# New here with pics



## Shaggy_Pawz (Aug 29, 2006)

Hi all! I am new here, and thought I would post a pic or two of my girl Lola. She is a bearded collie/Old English Sheepdog/something else/ mix.

We have had her since the begining of the year, and just love her to death. She is about 3 years old, and it seems like we have had her since she was a pup. She is very well behaved, and a very loving--velcro dog.

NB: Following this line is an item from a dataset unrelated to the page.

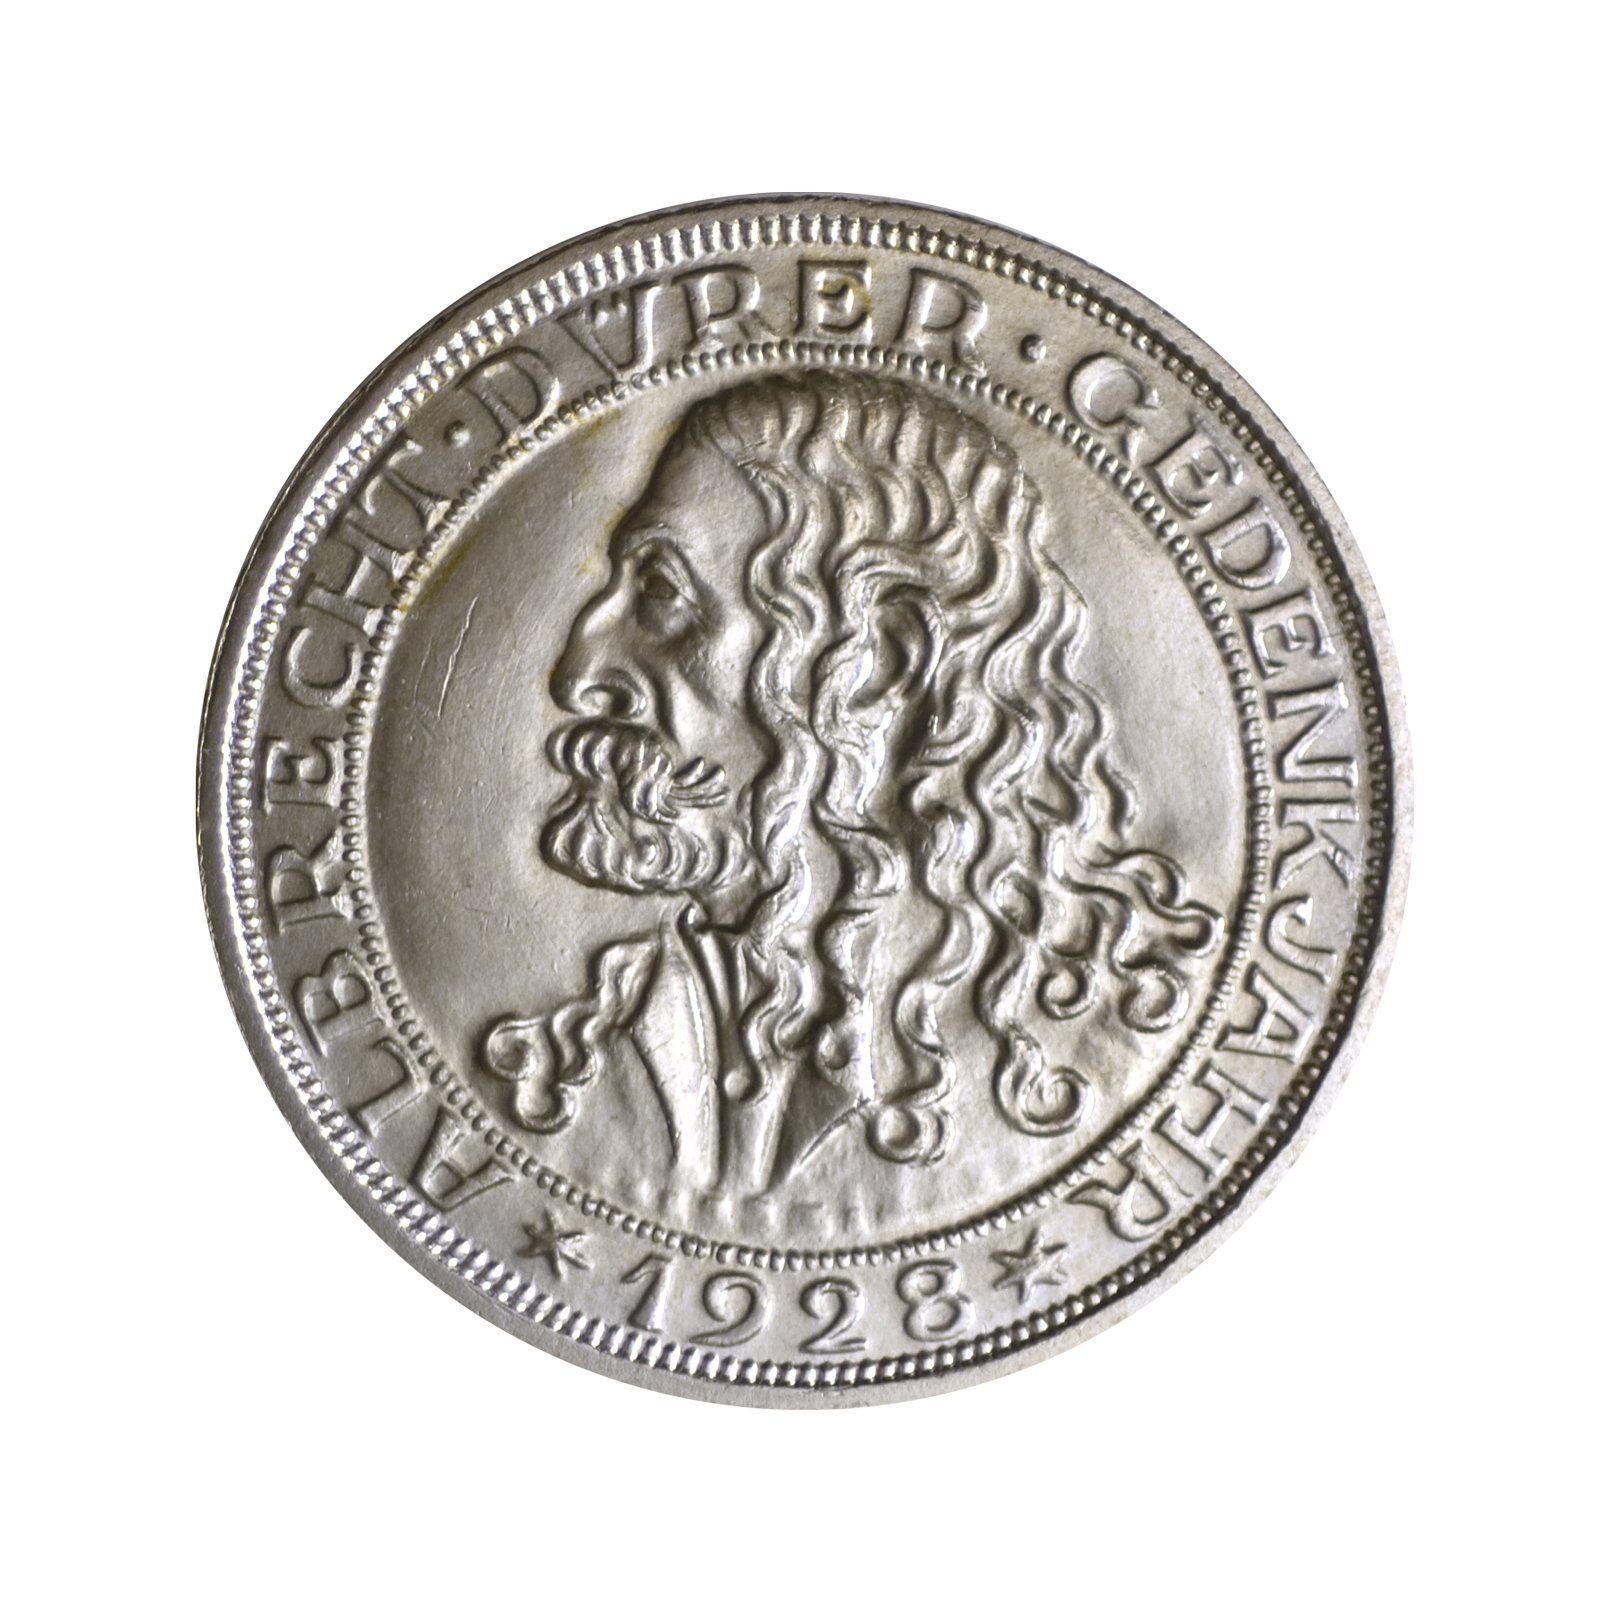 Weimarer Republik 3 Reichsmark Gedenkmünzen 1928 1929 Primus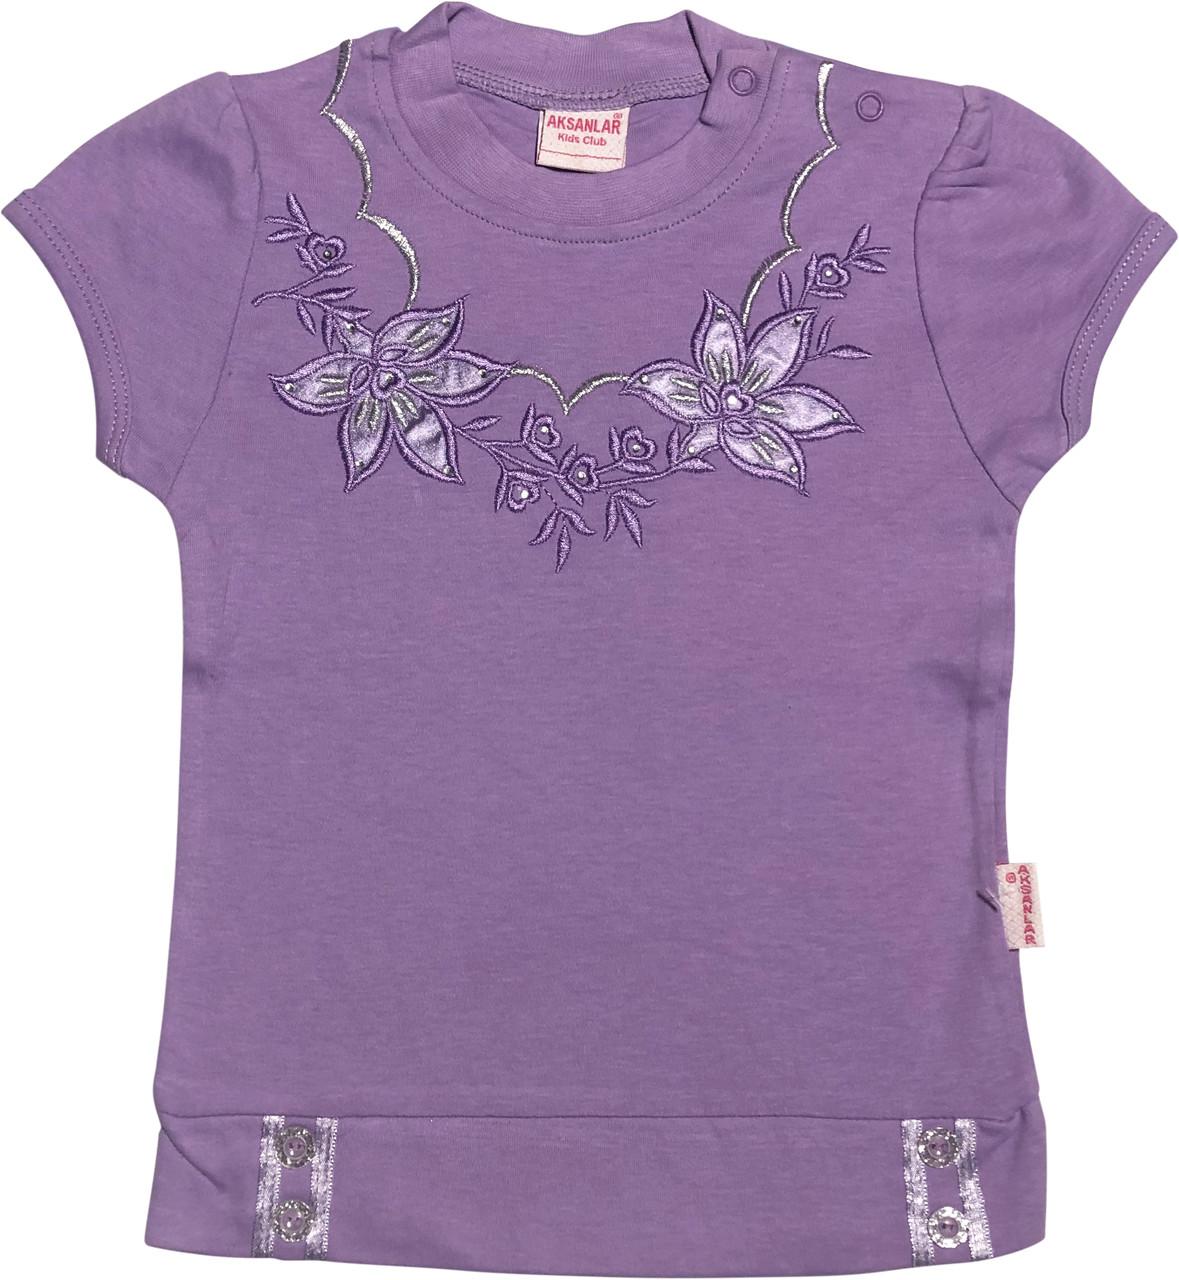 Детская футболка на девочку рост 98 2-3 года для малышей красивая стильная нарядная трикотажная сиреневая

And a pretty recent pic of her. She had been shaved down earlier in the summer, and is now getting her coat back. She would get really big and fluffy if we let her.









Thanks for looking!


----------



## Curbside Prophet (Apr 28, 2006)

Very cute dog, she looks like she's a wonderful pal.


----------



## Slashmire (Aug 29, 2006)

Very cute fluffly dog...it must a pain for you if it gets dirty or has things stuck in its fur...


----------



## tirluc (Aug 29, 2006)

she is such a CUTIE- PATOOTIE.....i love both of those breeds.....


----------



## SHOTZYS MOM (Aug 29, 2006)

Hi everyone, I just found this site today and I'm enjoying all the pics and posts. I'm not at all good at this but I'll try to show you all my dog Shotzy. n


----------



## Shelly_236 (Aug 15, 2006)

So cute! She looks so soft!


----------



## TinyStar (Aug 29, 2006)

What a big fluffy cutie.


----------



## sheplovr (Aug 27, 2006)

AWW welcome to the dog forum and what sweet photos of a darling dog.


----------



## alundy (Aug 17, 2006)

Adorable!!


----------



## Shaggy_Pawz (Aug 29, 2006)

Thanks for the compliments. She is our sweetie. And she is very soft. She makes a great sitting buddy!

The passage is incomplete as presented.